Ruby snowflake client using the v2 HTTP API

Why this library?

The available options for connecting from Ruby to Snowflake include:

ODBC - which works, but can be very slow, especially for a lot of data, which is probably why you're using Snowflake
The ruby snowflake client that wraps the go client. This is probably the fastest single threaded option, which we also created. However, that library takes the ruby GVL and so stops all other processing in your ruby process (threads).

This library is implemented in ruby and while it leverages some libraries that have native extensions, doesn't currently include any native extensions itself. Depending on network latency and the shape of the data this library can be faster or slower than the go wrapper.

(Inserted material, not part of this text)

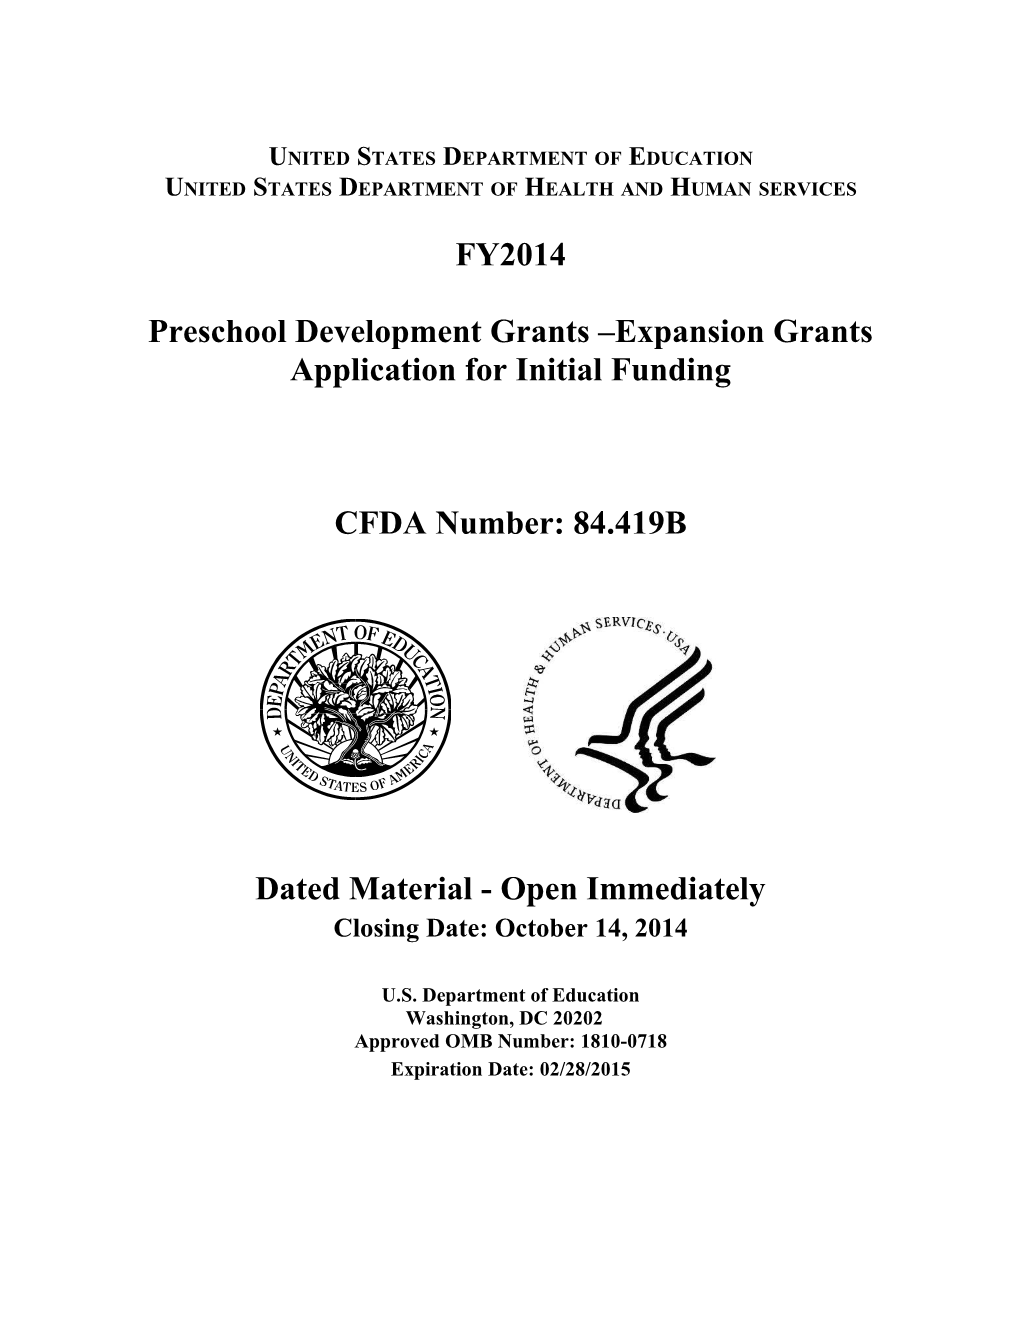 Preschool Development Grants - Expansion Competition 2014 (PDF)

The big advantages are:

It uses about half the memory when you pull a full result set into memory
It does not hold onto the ruby GVL and so does not block other threads while waiting on IO like the go wrapper client.
It will consume more resources for the same data, because it's using the HTTP v2 API and getting JSON back, there is just more work to as compared to the go or python clients that use Apache Arrow under the covers.

Usage

Create a client

Add to your Gemfile or use gem install rb_snowflake_client

  gem "rb_snowflake_client"

Then require, create a client

require "rb_snowflake_client"


# uses env variables, you can also new one up
# see: https://github.com/rinsed-org/pure-ruby-snowflake-client/blob/master/lib/ruby_snowflake/client.rb#L43
client = RubySnowflake::Client.new(
  "https://yourinstance.region.snowflakecomputing.com", # insert your URL here
  File.read("secrets/my_key.pem"),                      # your private key in PEM format (scroll down for instructions)
  "snowflake-organization",                             # your account name (doesn't match your URL), using nil may be required depending on your snowflake account
  "snowflake-account",                                  # typically your subdomain
  "snowflake-user",                                     # Your snowflake user
  "some_warehouse",                                     # The name of your warehouse to use by default
  "some_database",                                      # The name of the database in the context of which the queries will run
  default_role: "some_role",                            # The name of the role with which the queries will run. A `nil` value uses the primary role of the user.
  max_connections: 12,                                  # Config options can be passed in
  connection_timeout: 45,                               # See below for the full set of options
  query_timeout: 1200,                                  # how long to wait for queries, in seconds
)

# alternatively you can use the `from_env` method, which will pull these values from the following environment variables. You can either provide the path to the PEM file, or it's contents in an ENV variable.
RubySnowflake::Client.from_env

Available ENV variables (see below in the config section for details)

SNOWFLAKE_URI
SNOWFLAKE_PRIVATE_KEY_PATH or SNOWFLAKE_PRIVATE_KEY
- Use either the key or the path. Key takes precedence if both are provided.
SNOWFLAKE_ORGANIZATION
- Optional, if you leave it off, the library will authenticate with an account name of only SNOWFLAKE_ACCOUNT
SNOWFLAKE_ACCOUNT
SNOWFLAKE_USER
SNOWFLAKE_DEFAULT_WAREHOUSE
SNOWFLAKE_DEFAULT_DATABASE
SNOWFLAKE_DEFAULT_ROLE
SNOWFLAKE_JWT_TOKEN_TTL
SNOWFLAKE_CONNECTION_TIMEOUT
SNOWFLAKE_MAX_CONNECTIONS
SNOWFLAKE_MAX_THREADS_PER_QUERY
SNOWFLAKE_THREAD_SCALE_FACTOR
SNOWFLAKE_HTTP_RETRIES
SNOWFLAKE_QUERY_TIMEOUT

Make queries

Once you have a client, make queries

# will get all data in memory
result = client.query("SELECT ID, NAME FROM SOMETABLE")

# result is Enumerable
result.each do |row|
  # Row implements Enumerable and provides flexible column access:
  puts row[:id]    # access with symbols (case-insensitive)
  puts row["name"] # access with strings (case-insensitive)
  puts row[0]      # access with numeric indices

  # Row has Enumerable methods
  puts row.keys    # get all column names
  puts row.values  # get all values
  puts row.to_h    # convert to Hash with column names as keys

  # Use all Enumerable methods
  row.each { |column_name, value| puts "#{column_name}: #{value}" }
  filtered = row.select { |column, value| column.start_with?("i") }
end

Stream results

You can also stream results and not hold them all in memory. The client will prefetch the next data partition only. If you have some IO in your processing there should usually be data available for you.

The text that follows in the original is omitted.